Riboflavin–UV-A corneal collagen crosslinking (CXL) can halt progression of keratoconus, reducing the number of corneal transplants required.¹ The classic (“Dresden”) protocol relies on UV-A irradiance of 3 mW/cm² for 30 minutes.² To shorten this procedure, modified protocols have been proposed that use increased irradiance for a shorter duration (e.g., 9 mW/cm² for 10 minutes).³ According to the Bunsen–Roscoe law of reciprocity, as long as the product of irradiance and time of exposure remains the same, the photochemical effect should be the same.⁴ However, accelerated protocols may still be less effective due to the fact that oxygen is consumed faster at increased irradiance.^5,6 Since oxygen is a crucial factor for the photochemical reaction, reduced oxygen availability may lead to a lower CXL effect.⁷ Consistent with this notion, Wang et al.⁸ demonstrated an improvement in stiffness of porcine corneas when oxygen was supplemented during CXL. 

To study the dynamics of stromal oxygen levels during CXL, intracorneal oxygen measurements can be performed using a fiber-optic microsensor.^9–11 Previous studies have demonstrated a rapid decline in oxygen concentration within seconds of the onset of UV-A irradiation.^9–11 After switching off UV-A light, the oxygen concentration returns to baseline within a few minutes. Seiler et al.¹¹ demonstrated that oxygen concentration decreases with tissue depth, underscoring the importance of tissue penetration of oxygen during the course of CXL. 

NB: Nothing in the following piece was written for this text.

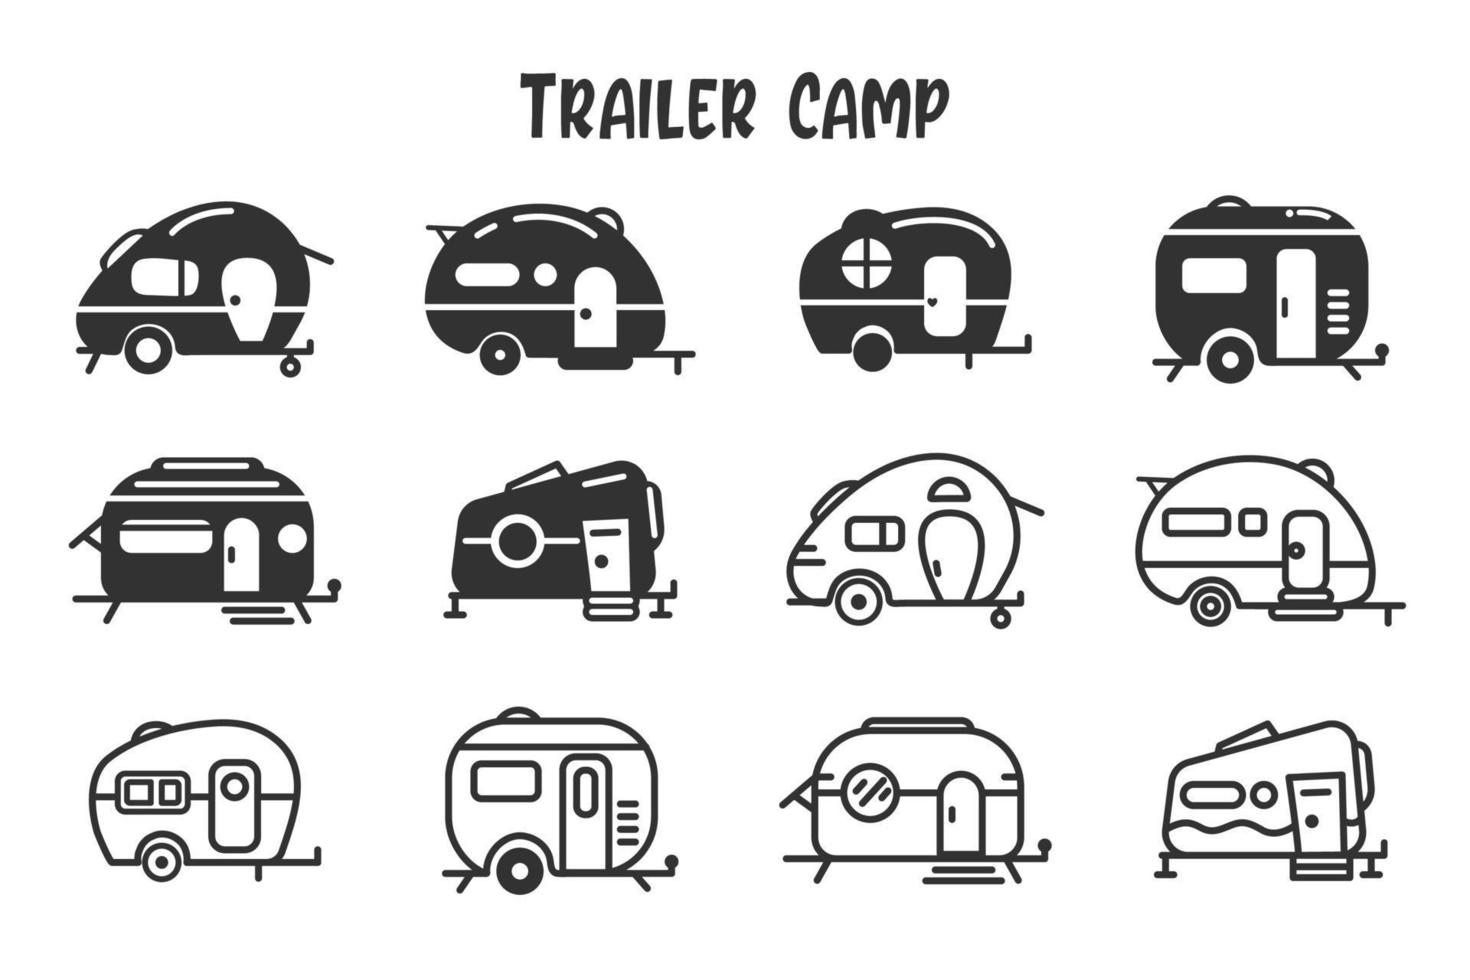 Camper trailer icon set vector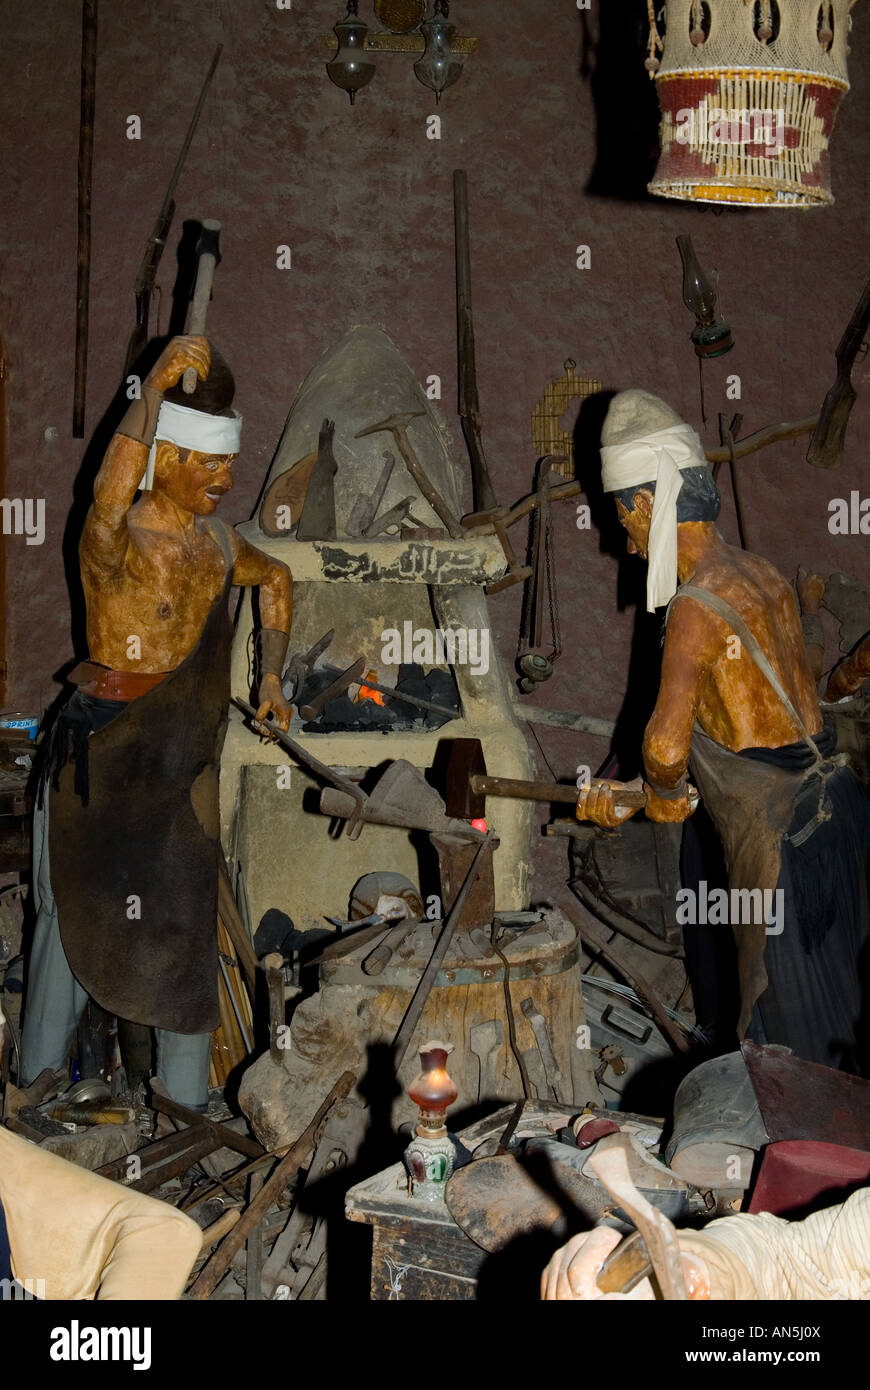 Des statues des forgerons de l'homme au travail dans le château de Moussa Liban Moyen Orient Banque D'Images

Hyperbaric oxygenation utilizes a medical treatment chamber to raise the partial pressure of oxygen. This has been used therapeutically to increase the diffusion rate of oxygen into different (ocular) tissues.¹² We have previously shown that corneal stromal oxygen concentration can be enhanced by hyperbaric oxygenation during CXL using the Dresden protocol.¹³ Here, we report that hyperbaric oxygenation results in a meaningful elevation of stromal oxygen levels during accelerated CXL and provide evidence that it can improve the effect of accelerated CXL on corneal tissue resistance to enzymatic degradation. 

Experiments used porcine eyes from a local slaughterhouse (Theo Keinhörster Großschlachterei mit Fleischhandel e.K., Recklinghausen, Germany). In using this tissue, this investigation adheres to the ARVO Statement for the Use of Animals in Ophthalmic and Vision Research. Animals were approximately 6 months old. Experiments were performed within 36 hours after tissue collection. Four different CXL treatment protocols were used; these are shown in the Table. An untreated control group was analyzed for comparison. During CXL, stromal oxygen concentration was measured as described below. Following CXL, enzymatic testing was performed on five corneas, and biomechanical testing was performed on five corneas in each group (except CXL_hyp, where no enzymatic testing was performed to safe resources). 

Hyperbaric conditions of 2.4 bar were achieved using a cylindrical multiperson medical pressure chamber (Sayers/Hebold Druckkammersysteme GmbH, Cuxhaven, Germany; modernized by Haux-Life-Support GmbH, Karlsbad, Germany). A confined space for controlled oxygen application was created using a plastic box with connections for oxygen supply, an opening for the UV-A light source, and access for riboflavin application and oxygen probe. The experimental setup is shown in Figure 1. In experiments with supplemental oxygen, the box was first flooded with 100% oxygen (2 minutes; 10 L/min), and then a constant oxygen supply of approximately 5 L/min was maintained throughout the experiment. 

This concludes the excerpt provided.